Re: [libvirt] [PATCH v4 5/7] nodedev: Disable/re-enable polling on the udev fd

Posted by John Ferlan 8 years, 4 months ago


On 09/28/2017 06:00 AM, Erik Skultety wrote:
> [...]
> 
>>>
>>>          nodeDeviceLock();
>>> +        priv = driver->privateData;
>>>          udev_monitor = DRV_STATE_UDEV_MONITOR(driver);
>>>
>>>          if (!udevEventCheckMonitorFD(udev_monitor, privateData->monitor_fd)) {
>>> @@ -1725,6 +1727,9 @@ udevEventHandleThread(void *opaque)
>>>          device = udev_monitor_receive_device(udev_monitor);
>>>          nodeDeviceUnlock();
>>>
>>> +        /* Re-enable polling for new events on the @udev_monitor */
>>> +        virEventUpdateHandle(priv->watch, VIR_EVENT_HANDLE_READABLE);
>>> +
>>
>> I think this should only be done when privateData->nevents == 0?  If we
>> have multiple events to read, then calling virEventPollUpdateHandle,
>> (eventually) for every pass through the loop seems like a bit of
>> overkill especially if udevEventHandleCallback turns right around and
>> disables it again.
>>
>> Also fortunately there isn't more than one udev thread sending the
>> events since you access the priv->watch without the driver lock...
>>
>> Conversely perhaps we only disable if events > 1... Then again, how does
>> one get to 2 events queued if we're disabling as soon as we increment
> 
> Very good point, technically events would still get queued, we just wouldn't
> check and yes, we would process 1 event at a time. Not optimal, but if you look
> at the original code and compare it with this one performance-wise (and I hope
> I haven't missed anything that would render everything I write next a complete
> rubbish), the time complexity hasn't changed, the space complexity hasn't
> changed, what changed is code complexity which makes the code a bit slower due
> to the excessive locking and toggling the FD polling back and forth. So
> essentially you've got the same thing as you had before..but asynchronous.
> However, yes, the usage of @nevents is completely useless now (haven't realized
> that immediately, thanks) and a simple signalling should suffice.

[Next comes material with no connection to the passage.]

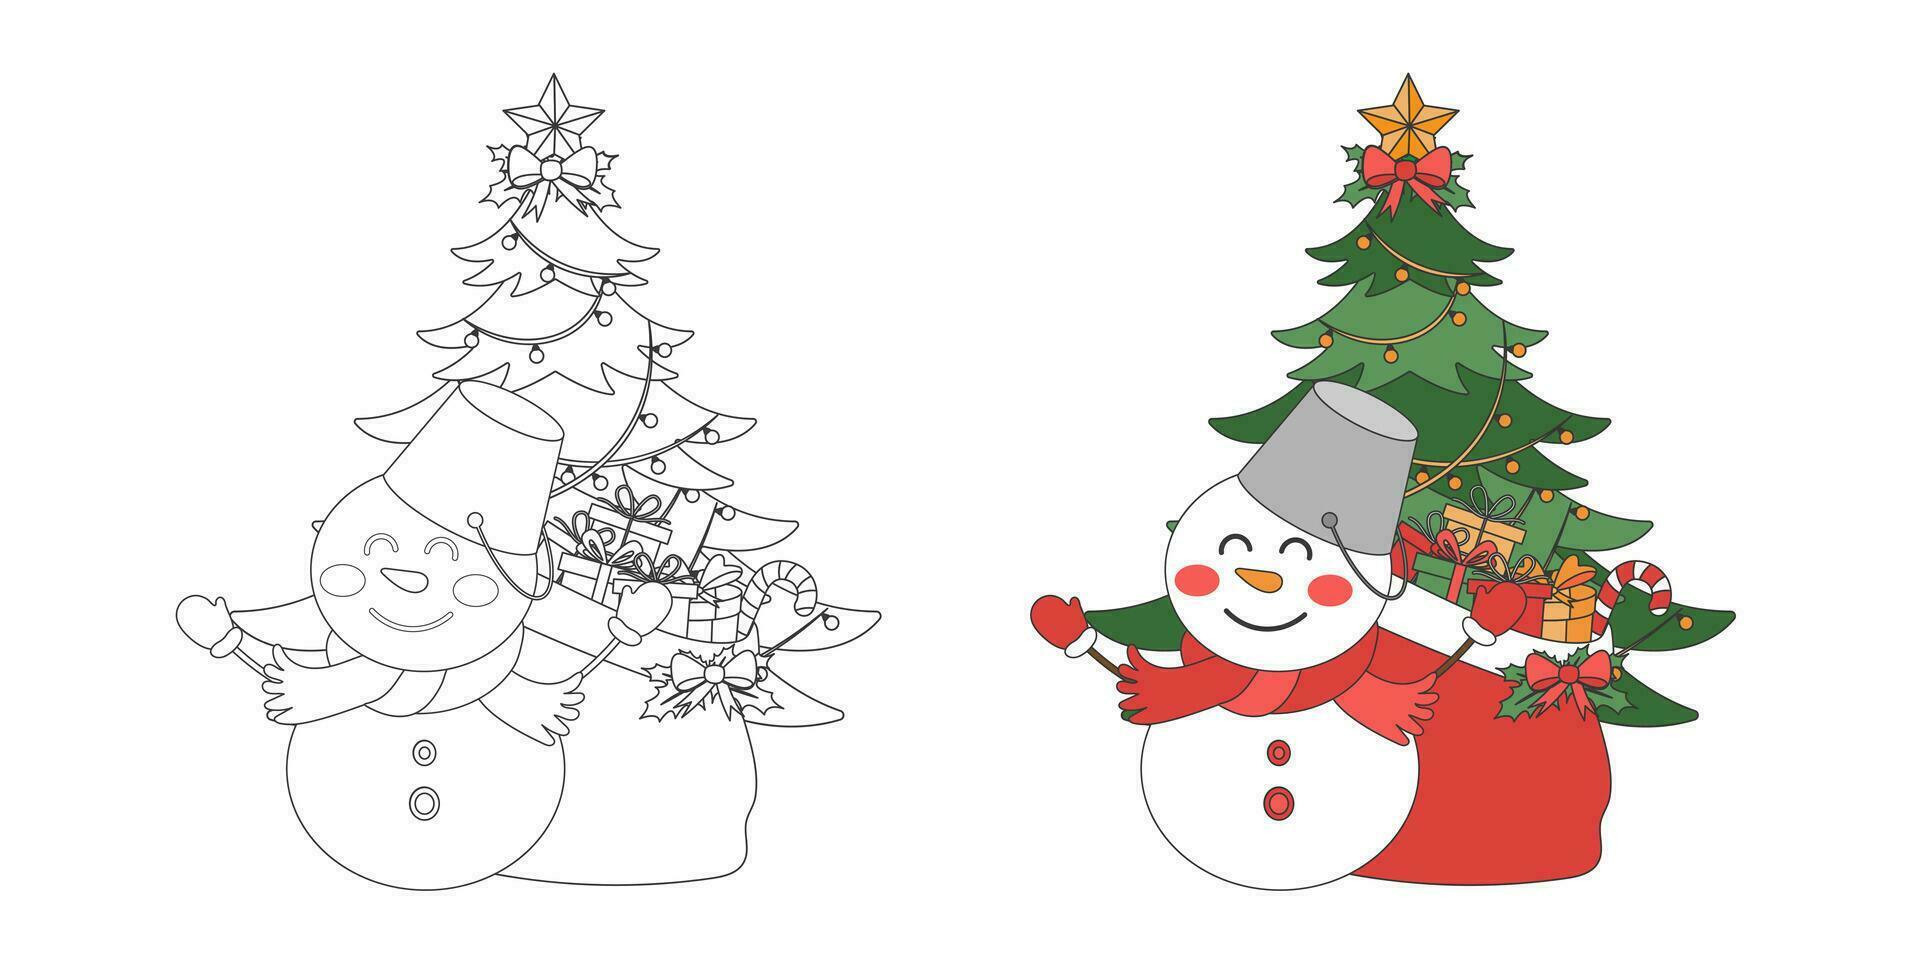 snögubbe, jul gåva väska och jul träd, jul tema linje konst klotter tecknad serie illustration, färg bok för ungar, glad jul. vektor

Having it "slower" is necessarily bad ;-)  That gives some of the other
slower buggers a chance to fill in the details we need. Throwing the
control back to udev quicker could aid in that too.

> 
> So how could we make it faster though? I thought more about the idea you shared
> in one of the previous reviews, letting the thread actually pull all the data
> from the monitor, to which I IIRC replied something in the sense that the event
> counting mechanism wouldn't allow that and it would break. Okay, let's drop the
> event counting. What if we now let both the udev handler thread and the event
> loop "poll" the file descriptor, IOW let the event loop polling the monitor fd,
> thus invoking udevHandleCallback which would in turn keep signalling the handler
> thread that there are some data. The difference now in the handler thread would
> be that it wouldn't blindly trust the callback about the data, because of the
> scheduling issue, it would keep poking the monitor itself until it gets either
> EAGAIN or EWOULDBLOCK from recvmsg() called in libudev,  which would then be the
> signal to start waiting on the condition. The next an event appears, a signal
> from udevHandleCallback would finally have a meaning and wouldn't be ignored.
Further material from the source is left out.